Professional Democrats in Washington and in the states have long cowered in the face of the N.R.A. But there are millions of other people who aren't afraid of the gun lobby's fundraising might or ability to target elections -- especially when they're just normal folks, participating in online politics as part of their routine lives, even if it's only with a tweet or a signature on an online petition.

"Part of the Internet age," said Robinson of ColorofChange.org, "is that people want a chance to be activists on issues. They're not joiners in the same way of, 'Okay, I'm a card-carrying member of this organization and I'm going to be with it forever.'" People are looking for the vehicle to get done what they want done, no matter who's presenting them with the opportunity.

The story of ALEC's role in U.S. politics and government is a complicated one, making the response perhaps uniquely suited to online organizing.
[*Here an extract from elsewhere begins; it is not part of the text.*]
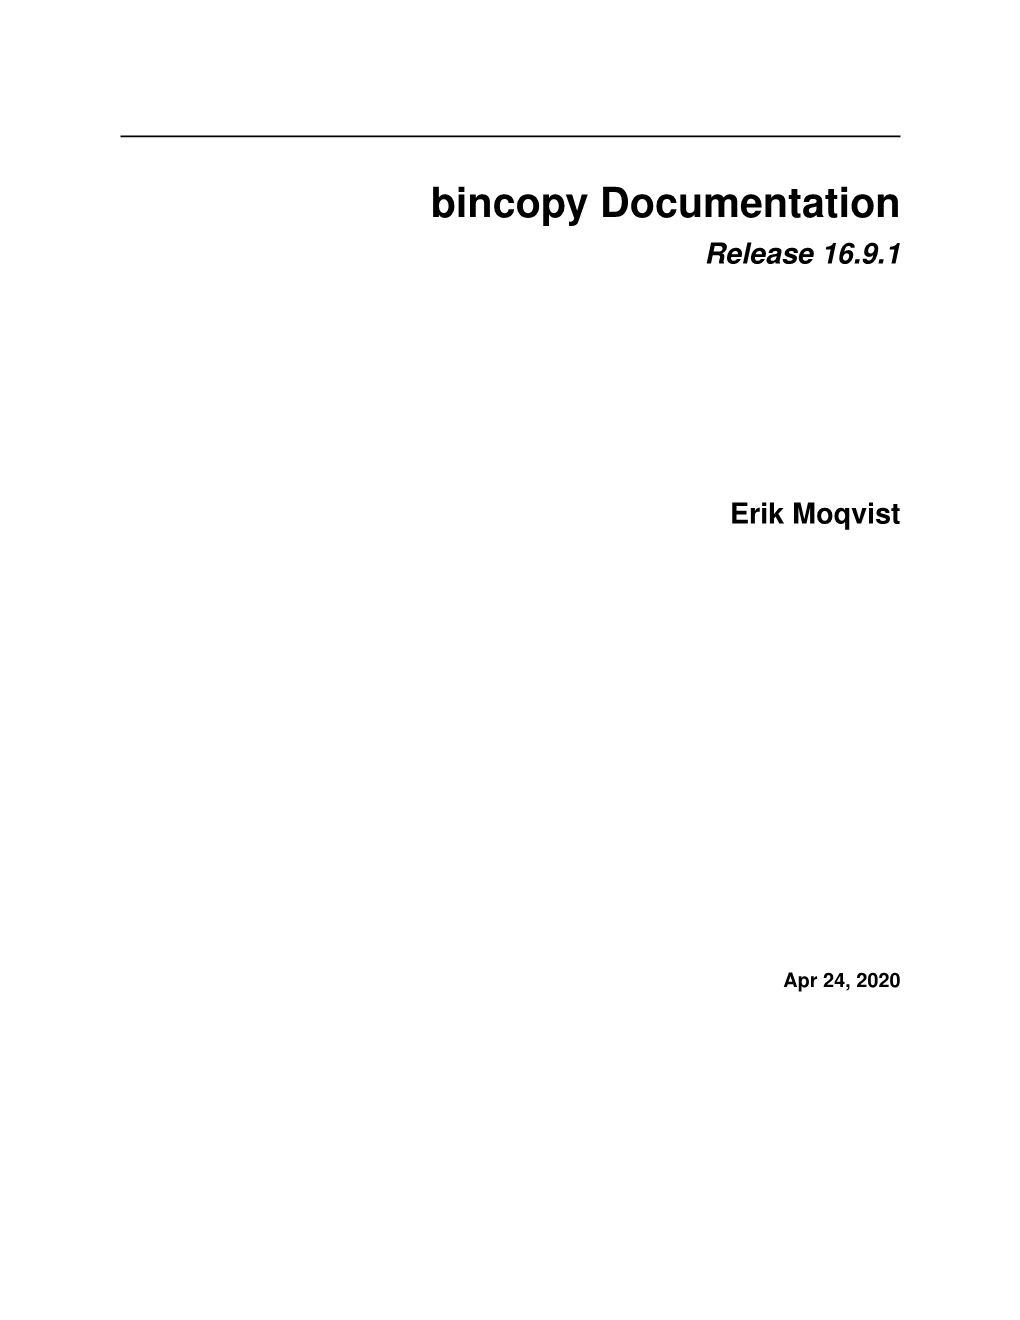 Bincopy Documentation Release 16.9.1

Research and story-telling, once done, can hang around online until needed. Databases stay at the ready. Dots are connected as more dots appear. Attention can get channeled and captured. It's hard, complex work. But it's the hard, complex work that online organizers have spent the last few years figuring out. That might not have a group like ALEC, designed to work on its own and on its own terms, scared yet. But it probably should.